Was tut sich bei den Windenergie-Projekten im Landkreis Darmstadt-Dieburg? Die Antwort ist ernüchternd: fast nichts. Einzig für die drei Windkraftanlagen auf dem Silberberg bei Ober-Ramstadt liegt dem Regierungspräsidium (RP) derzeit ein Genehmigungsantrag vor. Sonst herrscht sozusagen Windstille. Die Projekte bei Groß-Umstadt, Otzberg und Reinheim kommen nicht voran oder sind bereits abgeplant.

Auf dem Silberberg, in einem künftigen, derzeit aber noch nicht rechtskräftigen Vorranggebiet, möchte die EnBW bis 2018 drei Windkraftanlagen (WKA) mit einer Spitzenleistung von jeweils 3,3 Megawatt errichten. Die bis zu 210 Meter hohen Anlagen sollen 2018 in Betrieb gehen – und einen Beitrag für den städtischen Haushalt leisten, denn für den Standort auf kommunalem Grund und Boden wird eine ansehnliche Pacht fällig.

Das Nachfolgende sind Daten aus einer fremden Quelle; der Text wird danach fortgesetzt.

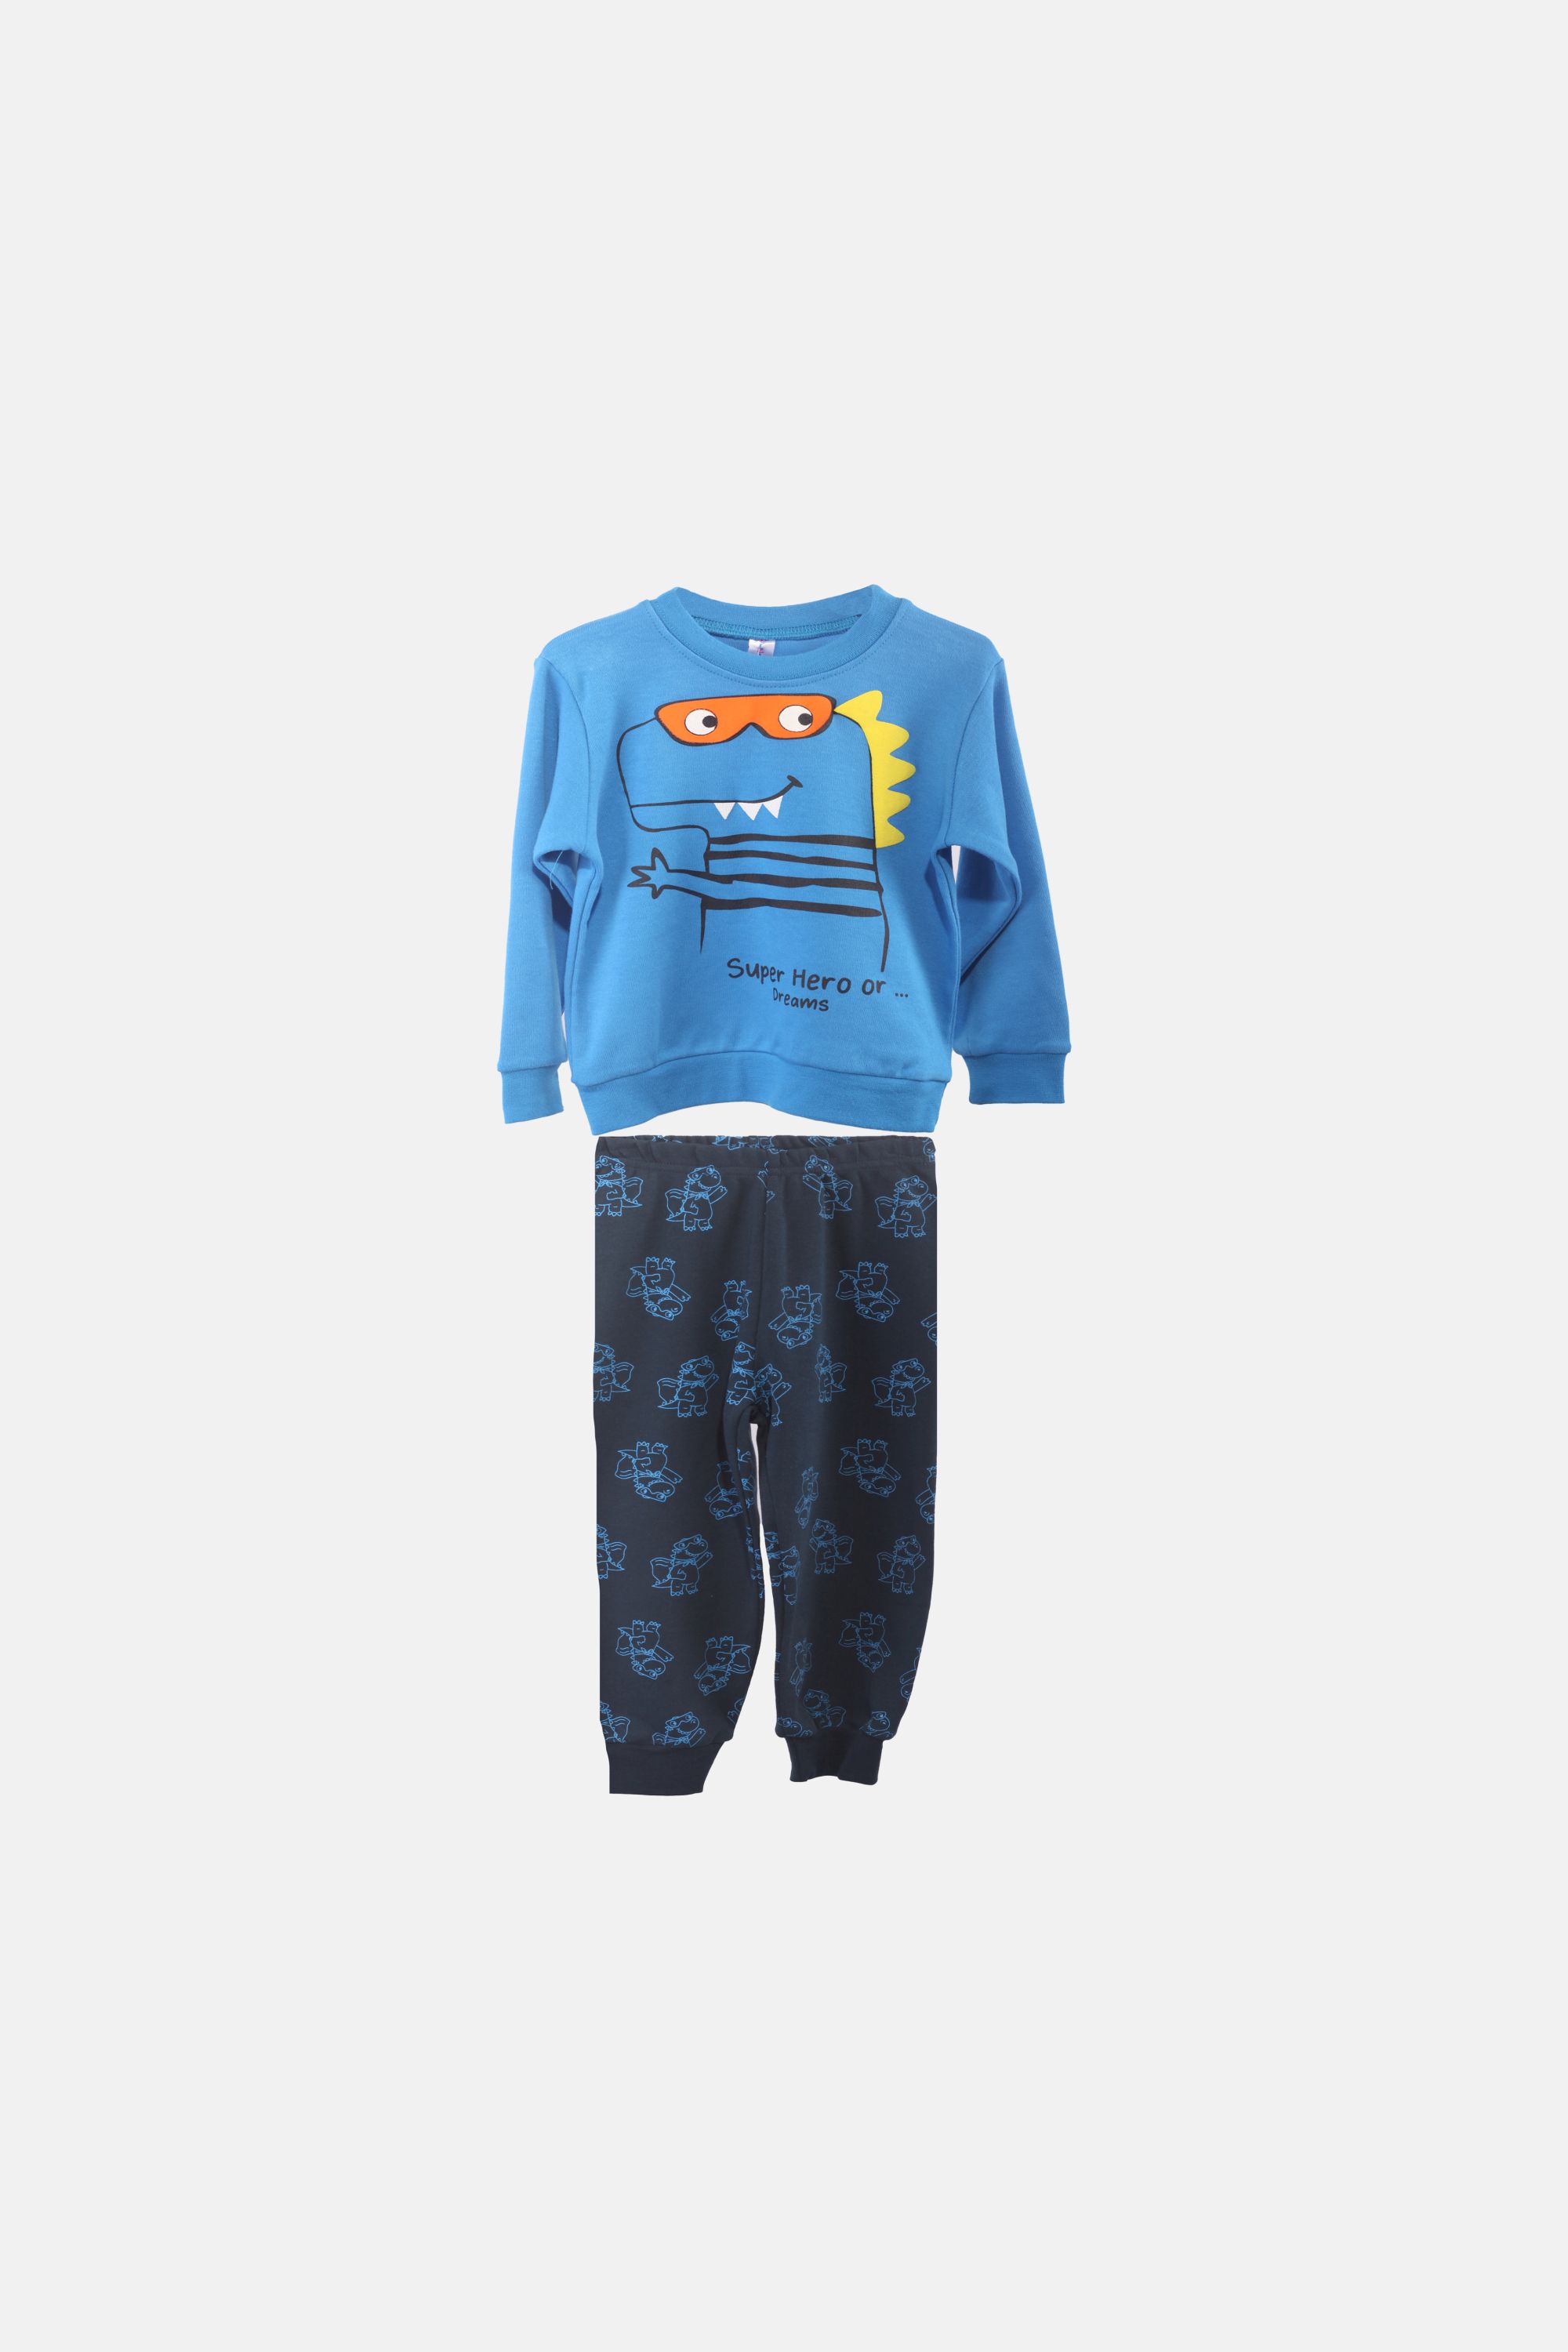 Chlapecké bavlněné pyžamo "DINO SET"/Modrá, petrolejová Barva: Modrá, Velikost: vel. 4 (100/108 cm)

Wenig bis gar nichts tut sich hingegen hinsichtlich der zum Teil heiß umstrittenen Standorte Märkerwald auf Otzberger Gebiet und Reinheimer Hügelland auf Reinheimer Gebiet. Für den Märkerwald, für den zuerst der Windparkentwickler Juwi aus Reinhessen Interesse bekundet hatte und inzwischen Notus mit Hauptsitz in Potsdam als Investor gehandelt wird, scheint sich die Sache auf natürlichem Weg zu erledigen, denn über den Höhen fliegt der Rotmilan, und das gilt als ein K.O.-Kriterium. Das Vorkommen des eleganten Greifvogels über dem Reinheimer Hügelland hat auch die Entega inzwischen veranlasst, ihren Rückzug vom dortigen Projekt zu verkünden.

Entega macht Rückzieher

Keine naturschutzrechtlichen, aber andere Hemmnisse tun sich für ein kleines Windparkprojekt auf dem Binselberg bei Groß-Umstadt auf, das ein Konsortium aus Entega und Proreo errichten will. RP-Sprecher Dieter Ohl sagte auf Nachfrage: „Es gab für die drei Anlagen im letzten Jahr wohl eine Bauvoranfrage, die jedoch dann wieder vom Vorhabensträger zurückgezogen wurde. Das heißt, wir haben derzeit keinen Antrag vorliegen.“ Grund für das Zurückziehen sei offenbar eine negative Äußerung der Bundesanstalt für Flugsicherung wegen der möglichen Beeinträchtigung einer Funkfeueranlage, so Ohl.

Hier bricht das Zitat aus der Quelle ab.